I have a time series of 10 years of days, with five columns of data. Here is code to randomly generate:

import numpy as np
import pandas as pd
np.random.seed(1)

rows,cols = 4950,5
data = np.random.rand(rows,cols) 
tidx = pd.date_range('2010-01-01', periods=rows, freq='D') 
df = pd.DataFrame(data, columns=['a','b','c','d','e'], index=tidx)
print (df)

For each day in the time series I would like to calculate the mean for the same day in the PREVIOUS five years. For example for the date 1/1/2023: take the average of 1/1/2022, 1/1/2021, 1/1/2020, 1/1/2019 and 1/1/2018. I've tried many variations on:

df.groupby([df.index.month, df.index.day]).mean()

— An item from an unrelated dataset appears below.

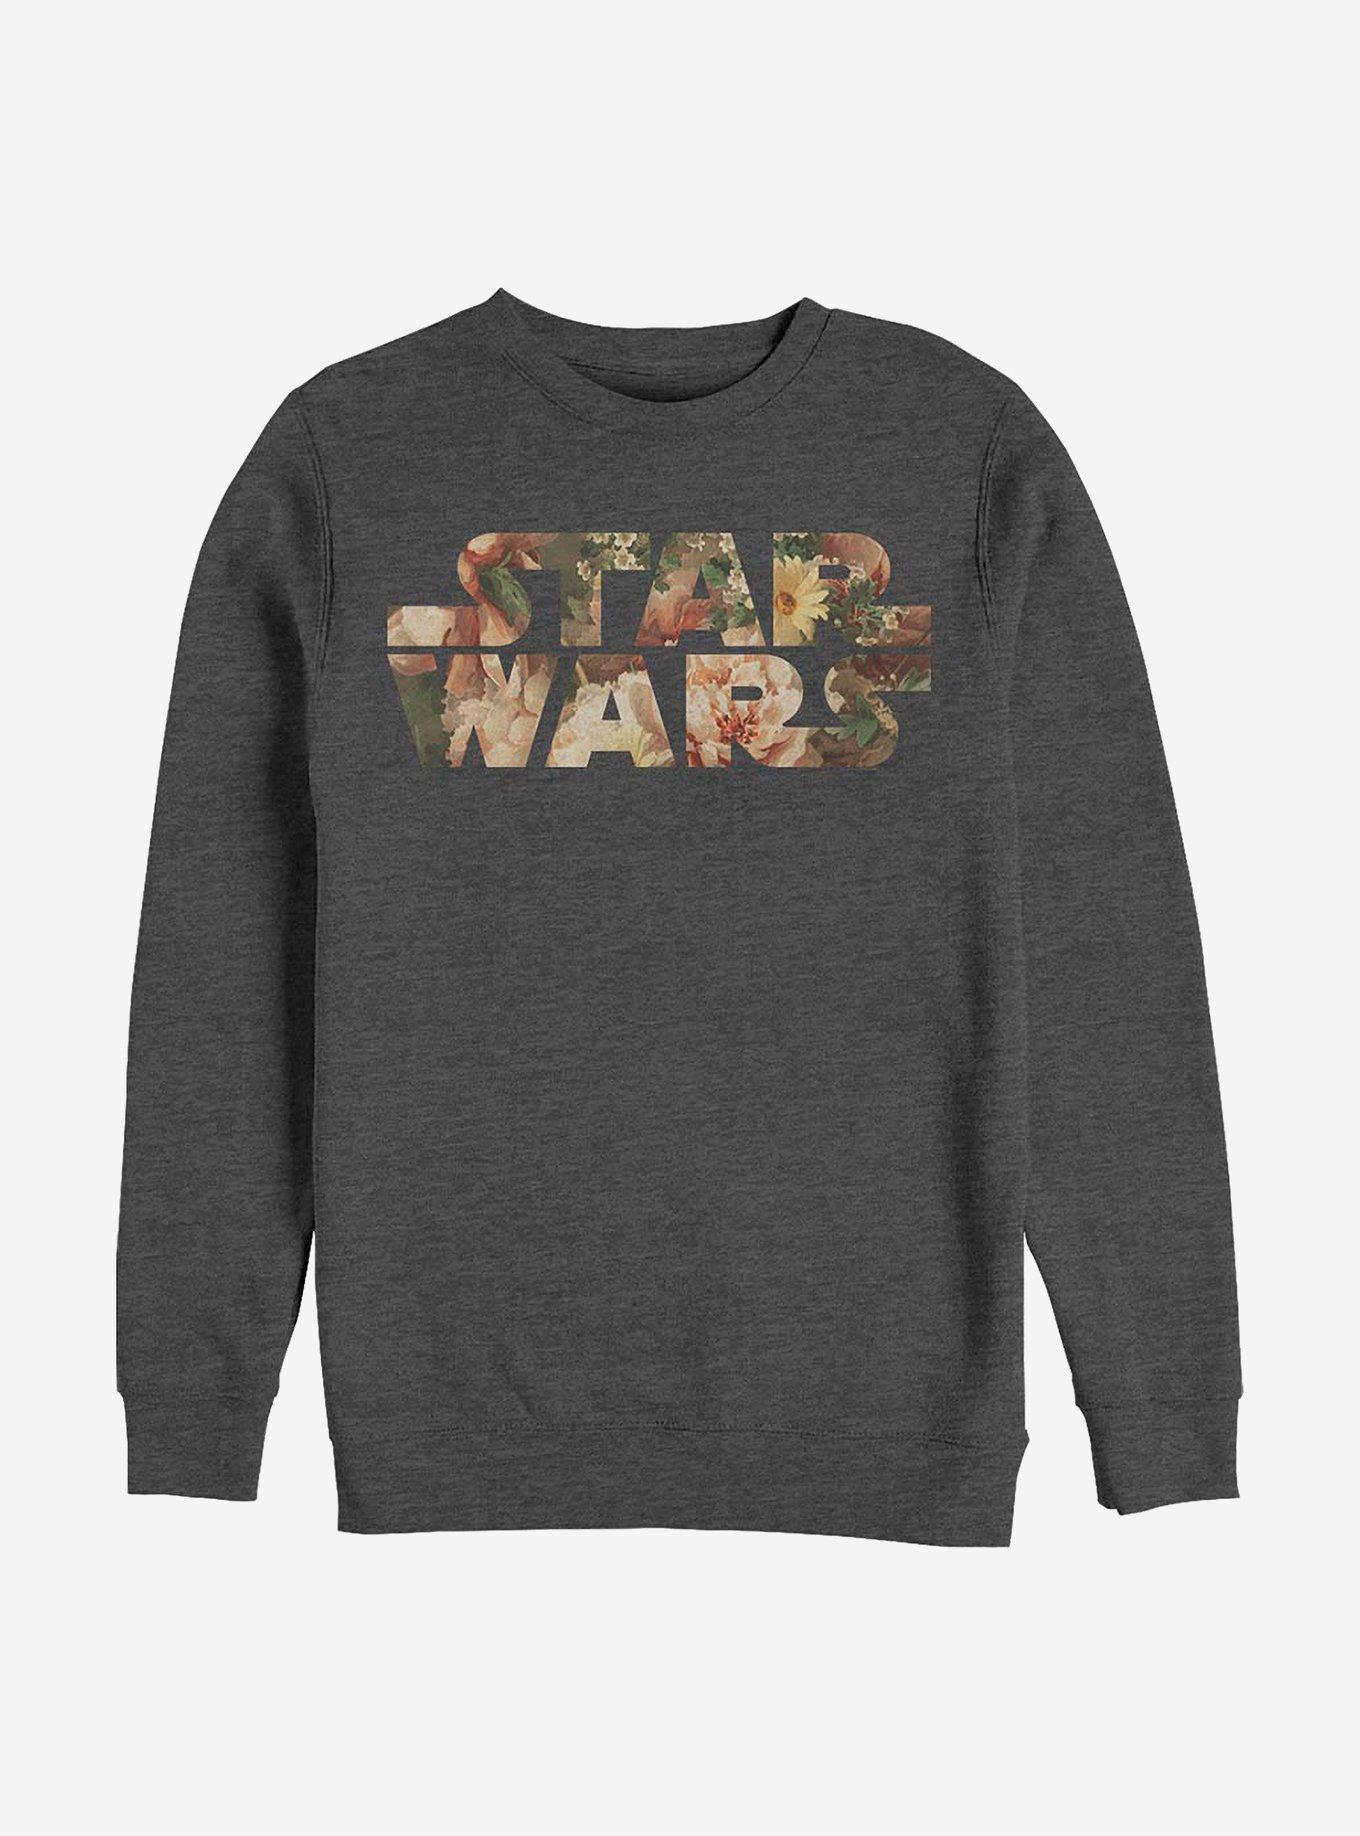 Star Wars Floral Logo Crew Sweatshirt, CHAR HTR, hi-res

But I can't get it use just the five years prior to the index.year in the mean calculation for each row. I would like to add five columns with the "rolling" average, and name each column for example "A_Avg"

thesimplevoodoo
  • 153
  • 3
  • 11
  • Are you aware of [`rolling`](https://pandas.pydata.org/docs/reference/api/pandas.DataFrame.rolling.html)? I think you want `.groupby(...).rolling(5).mean()`, but I'm relatively new to Pandas myself. – wjandrea Aug 04 '23 at 00:46
  • It'd help if you posted a [mre] so we could check the answers. For specifics, see [How to make good reproducible pandas examples](/q/20109391/4518341). For minimization, I think you could go as low as 1 column, 3 years of data, and a 2-year rolling window. – wjandrea Aug 04 '23 at 01:13

3 Answers3

1

From your DataFrame, we can start by convert the Date column as Datetime :

df['Date'] = pd.to_datetime(df['Date'], format="%d/%m/%Y")

Then we separate the year, month and year in columns :

df['year'] = df['Date'].dt.year
df['month'] = df['Date'].dt.month
df['day'] = df['Date'].dt.day

Next step, we reorder the row depending on day, month and year and reindex the DataFrame accordingly like so :

df = df.sort_values(by=['day', 'month', 'year']).reset_index(drop=True)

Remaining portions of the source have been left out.